Read PDF arXiv abstract Code

TL;DR

Geoint-R1 generates Lean4 code for auxiliary geometric constructions, with a 1,885-problem benchmark of Lean4-annotated geometry problems.

Abstract

Mathematical geometric reasoning is essential for scientific discovery and educational development, requiring precise logic and rigorous formal verification. While recent advances in Multimodal Large Language Models (MLLMs) have improved reasoning tasks, existing models typically struggle with formal geometric reasoning, particularly when dynamically constructing and verifying auxiliary geometric elements. To address these challenges, we introduce Geoint-R1, a multimodal reasoning framework designed to generate formally verifiable geometric solutions from textual descriptions and visual diagrams. Geoint-R1 uniquely integrates auxiliary elements construction, formal reasoning represented via Lean4, and interactive visualization. To systematically evaluate and advance formal geometric reasoning, we propose the Geoint benchmark, comprising 1,885 rigorously annotated geometry problems across diverse topics such as plane, spatial, and solid geometry.

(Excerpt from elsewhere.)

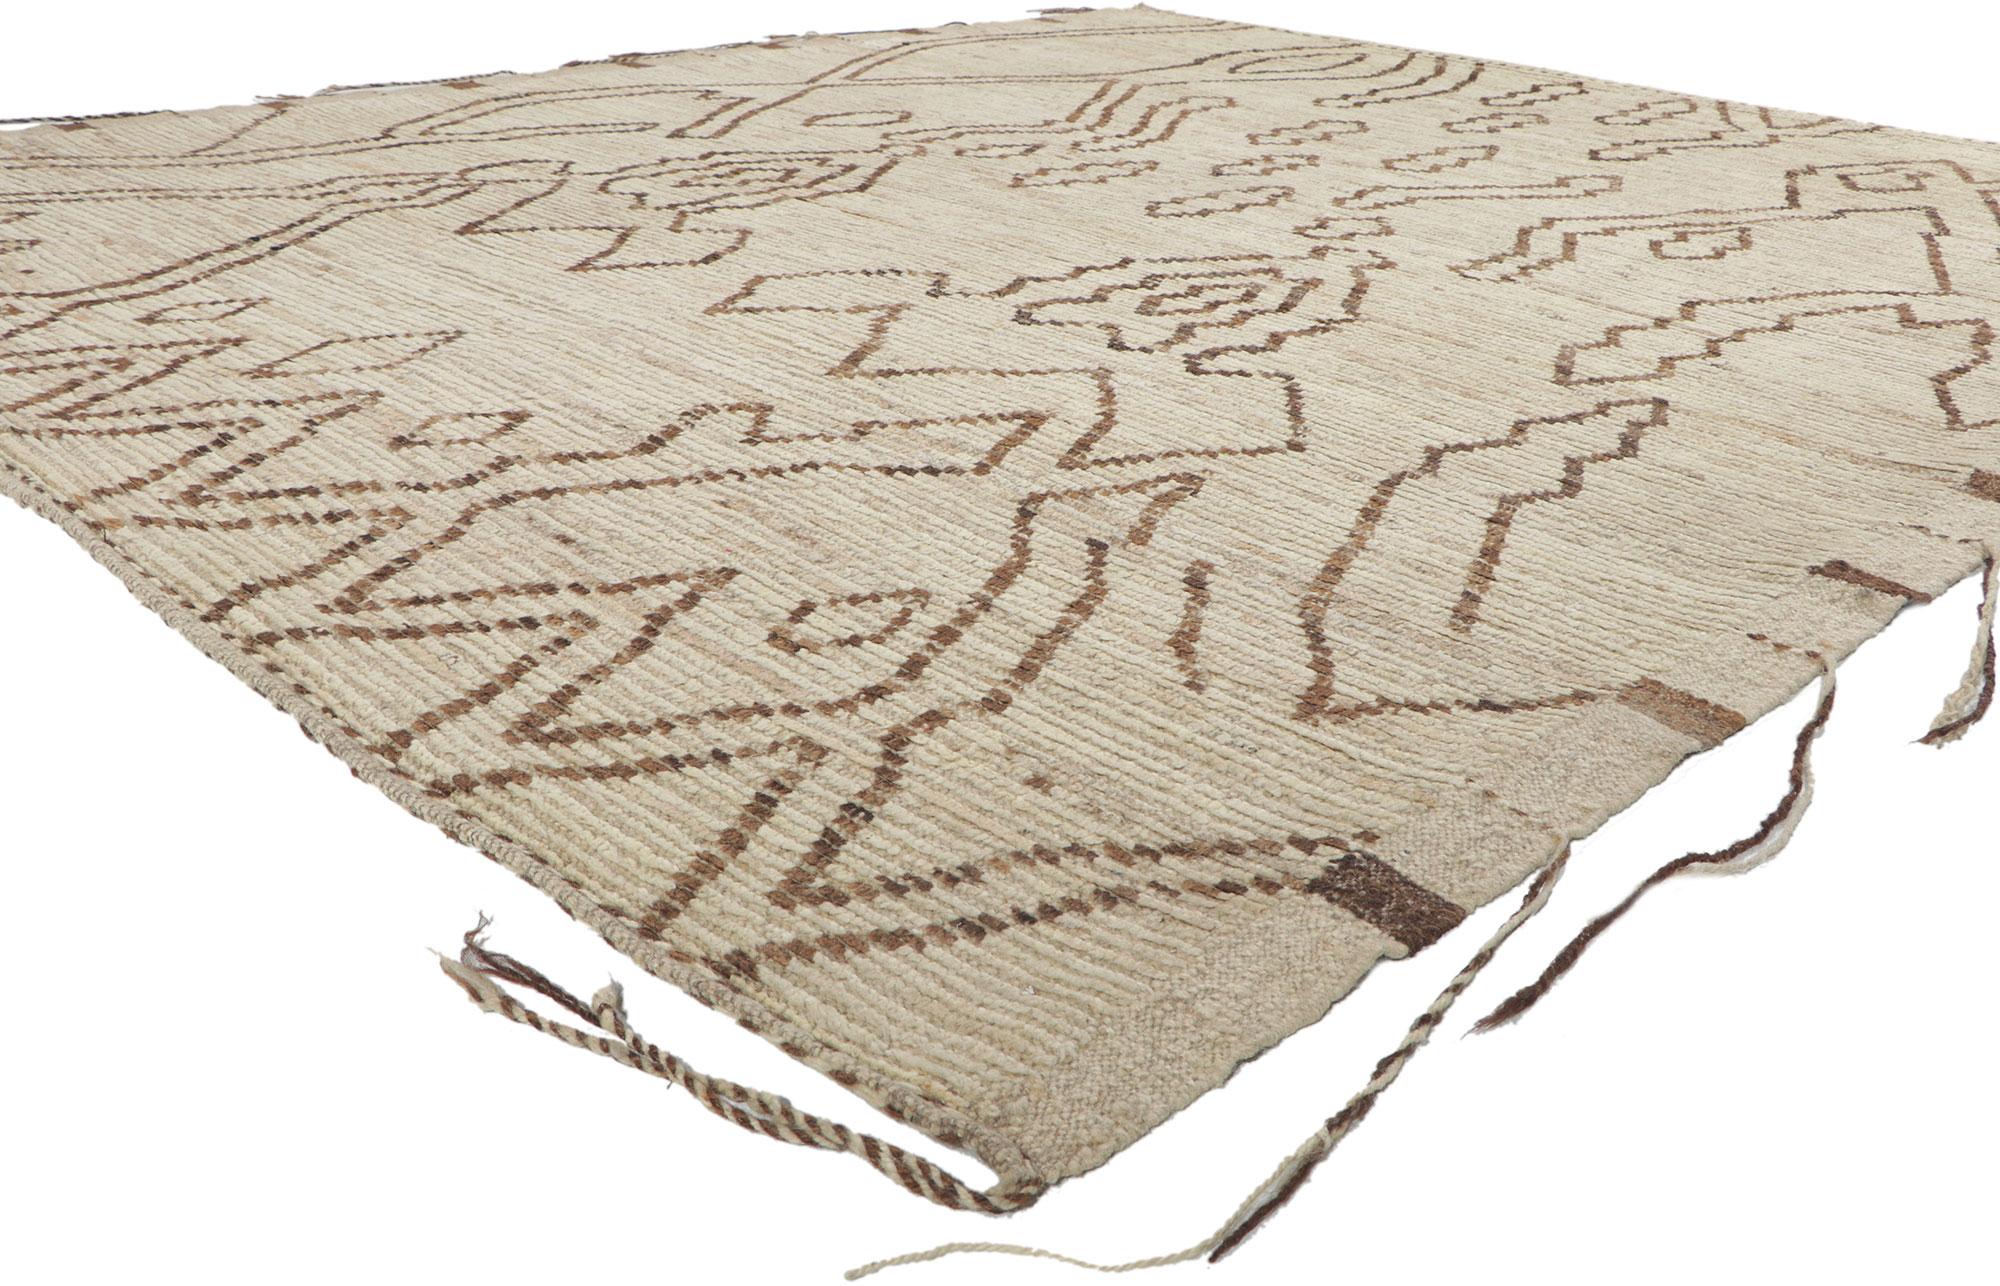 80797 nouveau Tapis marocain contemporain, 08'06 x 09'10. Avec son design expressif, ses détails et sa texture incroyables, ce tapis de style marocain en laine nouée à la main est une vision captivante de la beauté tissée. Le motif tribal accrocheur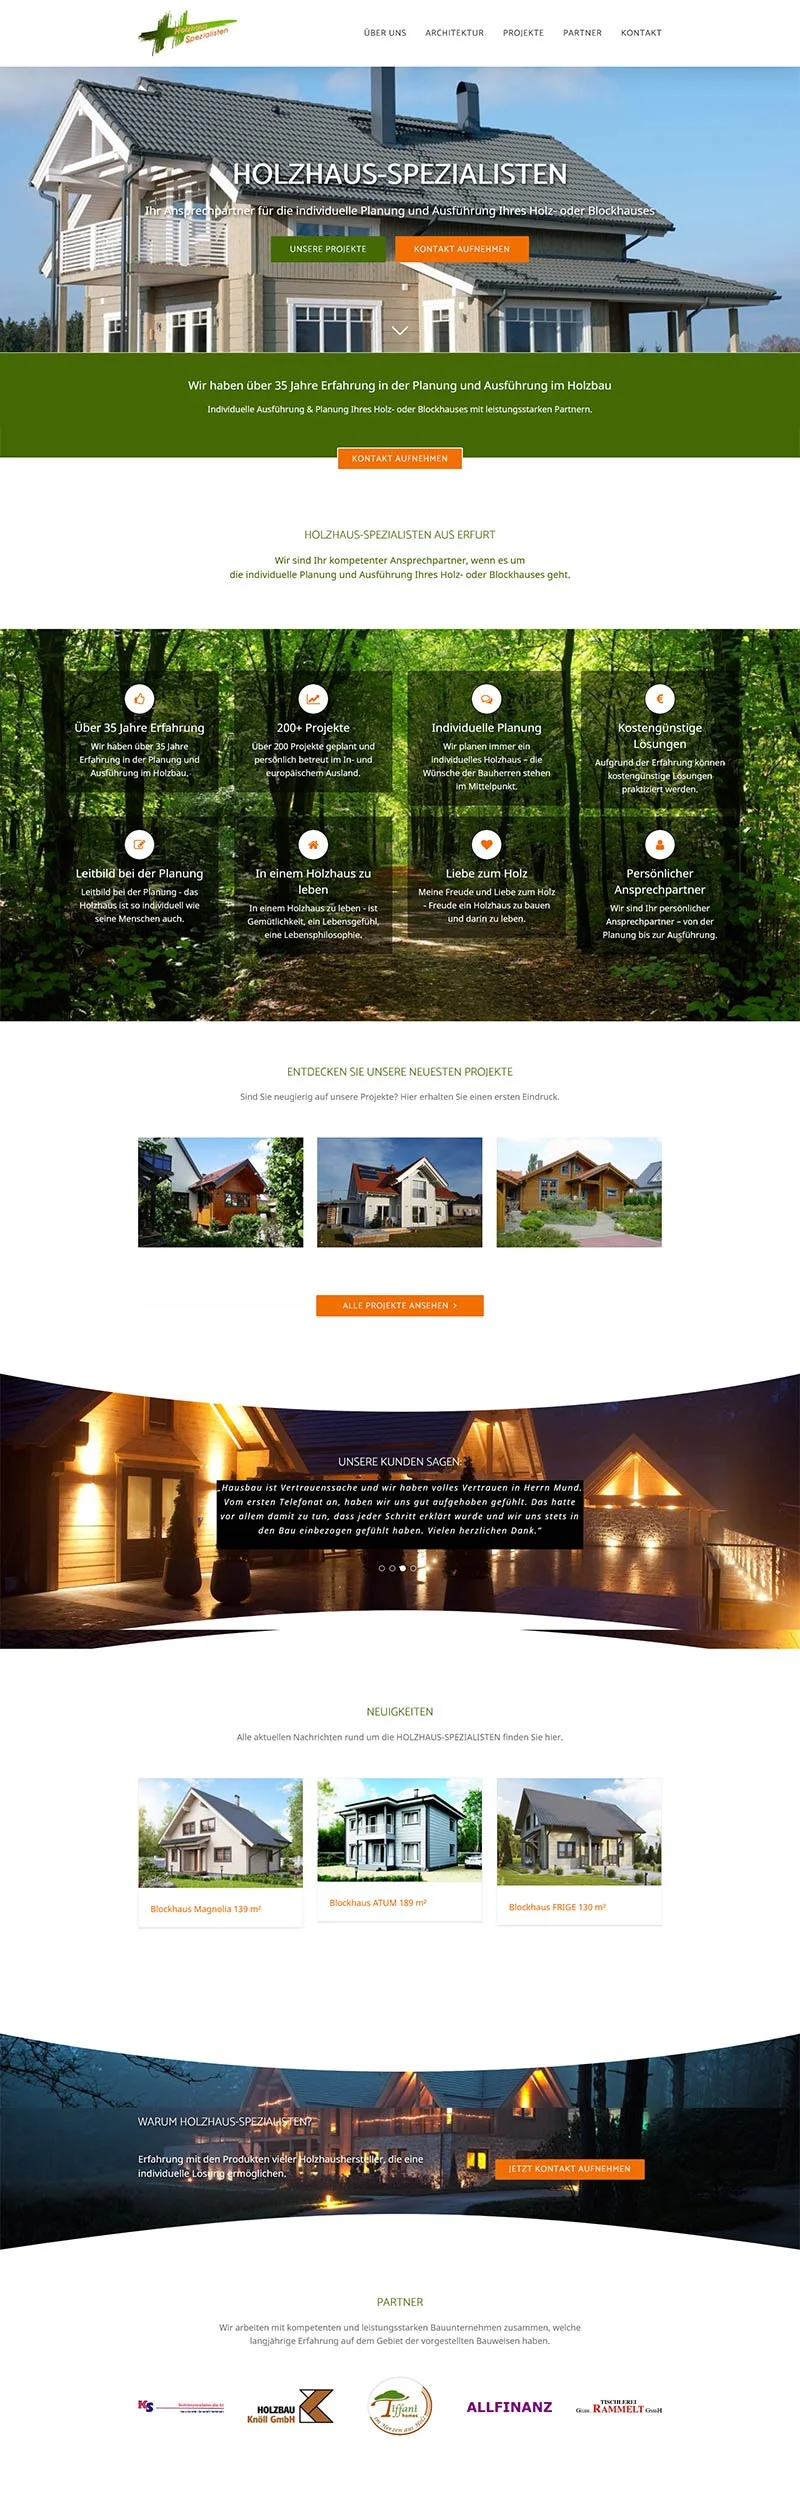 Die Holzhaus-Spezialisten - Screenshot Fullsize Startseite

Each problem includes structured textual annotations, precise Lean4 code for auxiliary constructions, and detailed solution steps verified by experts. Extensive experiments demonstrate that Geoint-R1 significantly surpasses existing multimodal and math-specific reasoning models, particularly on challenging problems requiring explicit auxiliary element constructions.

Problem

Multimodal LLMs struggle with formal geometric reasoning, especially dynamically constructing and verifying auxiliary geometric elements.

Approach

Geoint-R1 generates formally verifiable geometric solutions from text and diagrams, integrating auxiliary-element construction, formal reasoning represented in Lean4, and interactive visualization, trained via SFT then reinforcement learning with a verification reward. The Geoint benchmark provides 1,885 annotated problems with Lean4 code for auxiliary constructions.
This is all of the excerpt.